1. I arrive at my area of interest before dawn, yawn, for the sunrise light or late afternoon for the sunset light. Hiking and working in the dark to capture the light is a curious irony.
2. If I am shooting midday, architectural, or at night I generally am using B&W to better capture the contrasts and dynamic range.
3. I try to practice some form of asymmetry in my compositions. (rule of thirds, golden mean, odd number of subjects)
4. I pay attention to my f-stop to give me the depth of field I desire.
5. Again, I use a tripod as much as possible.
Once again, every rule has an exception, or two.

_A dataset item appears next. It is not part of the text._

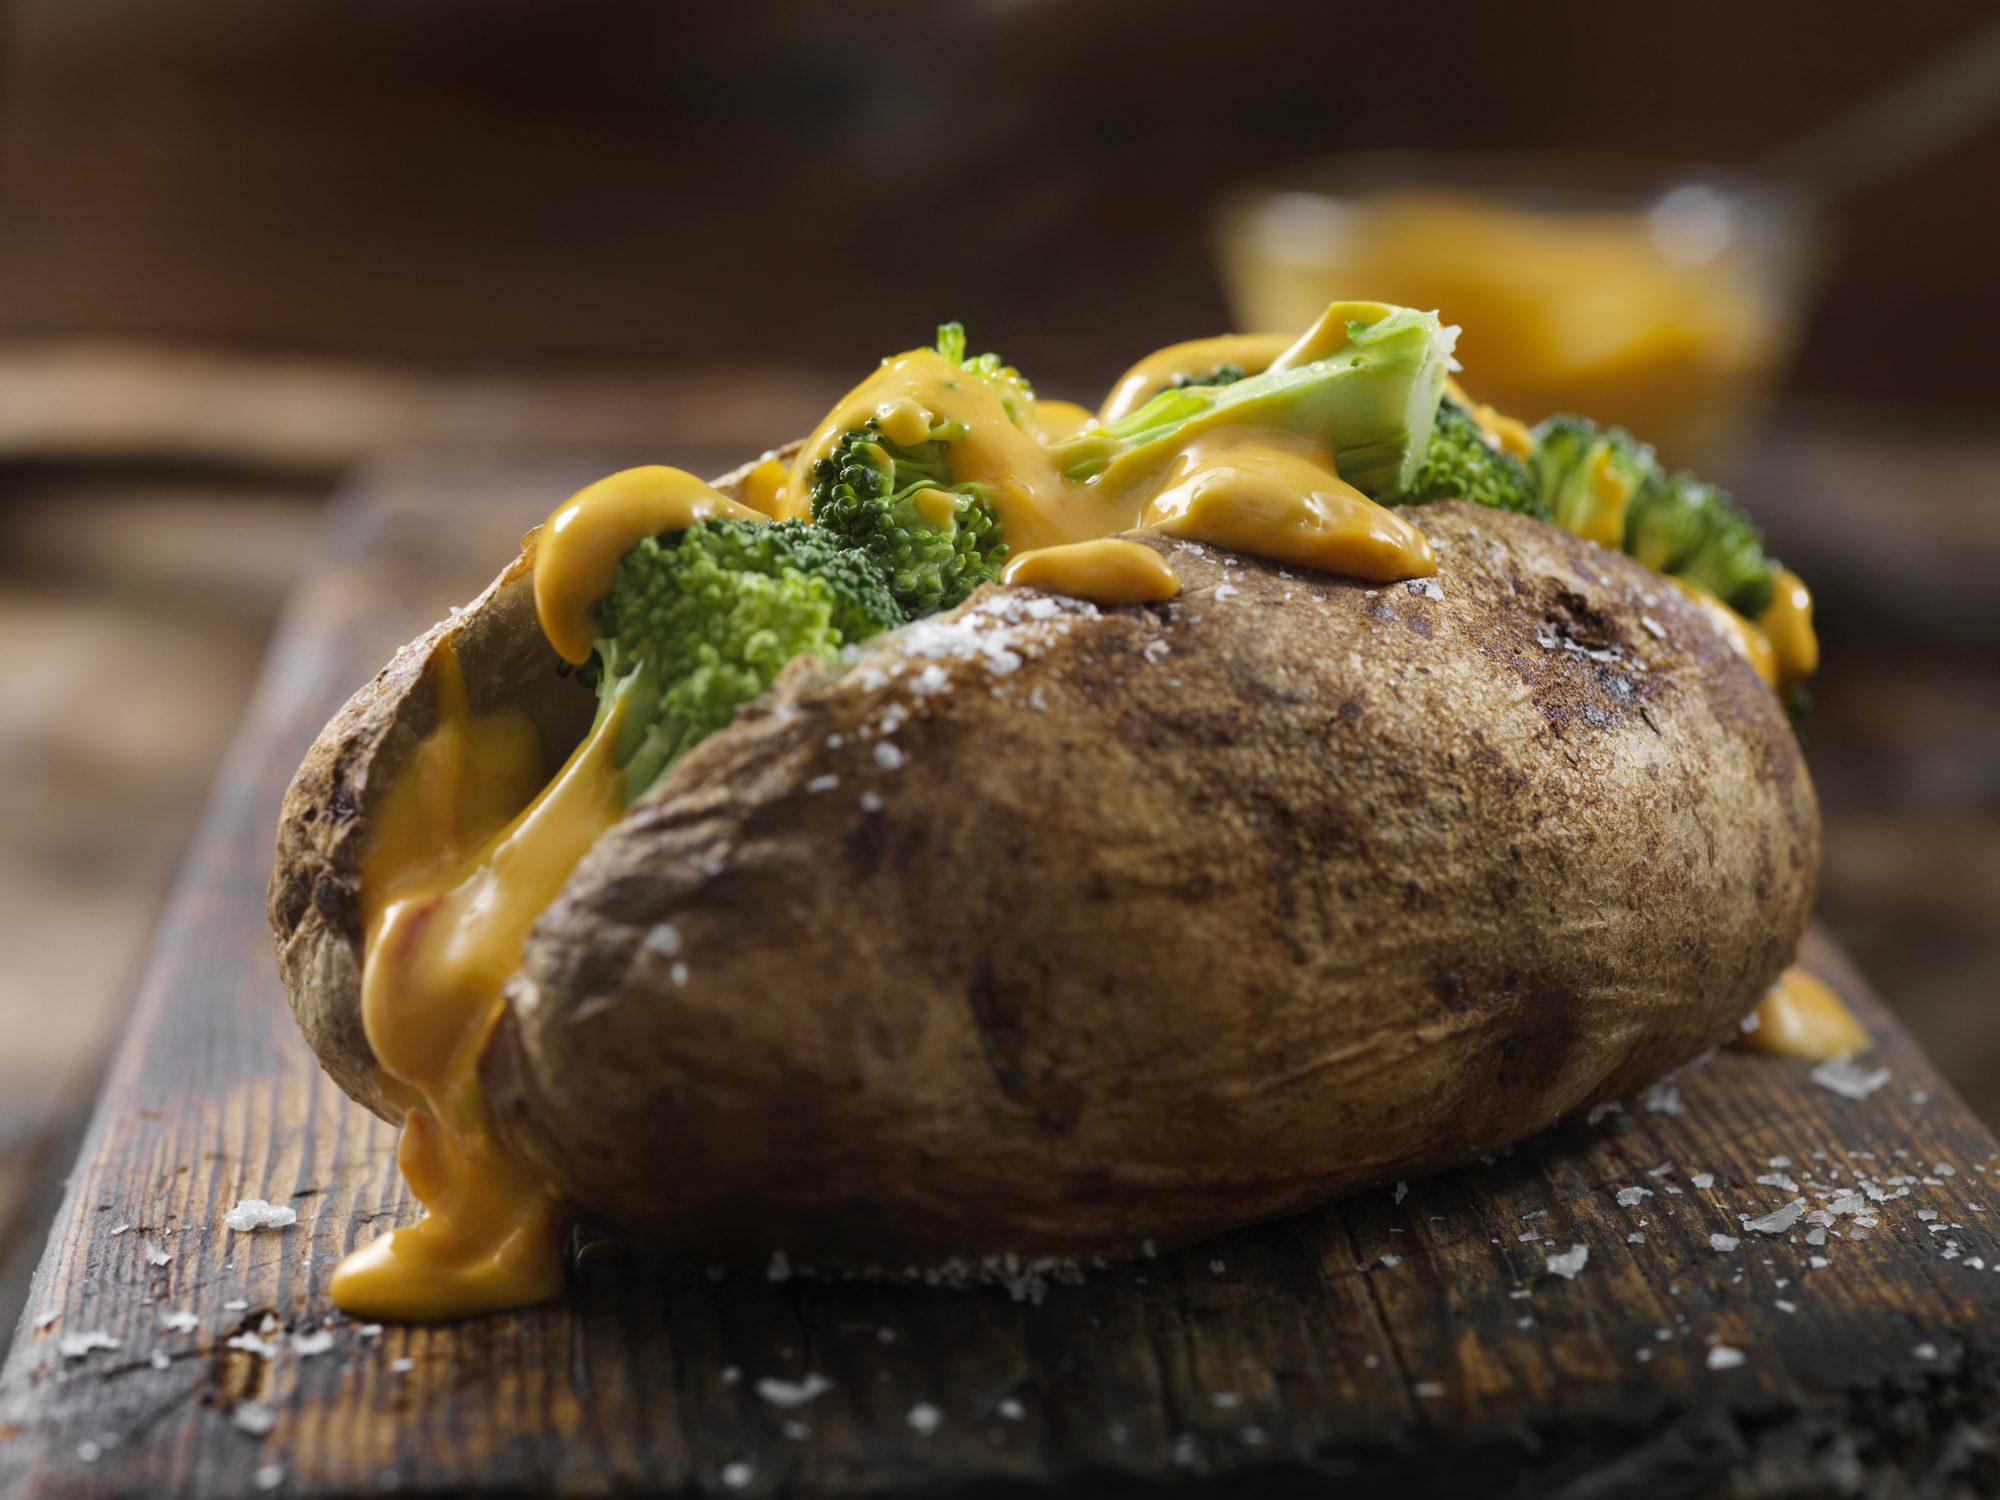 jacket-potato-cosa-mangiare-londra

The one thing that is almost impossible to teach is finding an interesting subject. Sometimes it is easy and obvious, thus the traditional shots of famous edifices. Usually it is quite subtle and serendipity can be a factor. Don't get me wrong I cannot look down my nose at people shooting Delicate Arch or the Lincoln Memorial or Zion Valley, because I am standing right next to them doing the same thing. How can I teach someone to look beyond the obvious? I don't know. I don't know if I myself have done it successfully. I just know that more often than I ever imagined, I have come away from a place with an unexpected picture, when I was there for something else entirely different. I have driven an hour to a place before dawn with absolutely no idea of what I am going to take a picture, thus the "Tree Silhouette", in the Texas gallery, with the glorious morning colors behind it. Maybe the best piece of advice is to wander around the scene of interest for awhile without even unpacking the camera. Sit still and take it all in. Pretend you don't even have a camera and explore the scene like a child would, looking for the hidden treasures (big and little) that Mother Nature set aside for those willing to put in the time and effort to find.
Too many times the lighting is flat or the sky cloudless or shadows unexpectedly fall across the scene of interest or the wind is too strong or it is raining or...or...or...or..you get the idea. So what!? Chances are you are in a beautiful place so enjoy it and explore and come back another day and time and try again. You are blessed to be someplace beautiful to begin with, a great photo is just icing on the cake.
Photography for me is a great way to get out of the house or hotel room and just look around. Hmmm…so is golf, but you wouldn't want my golf scores.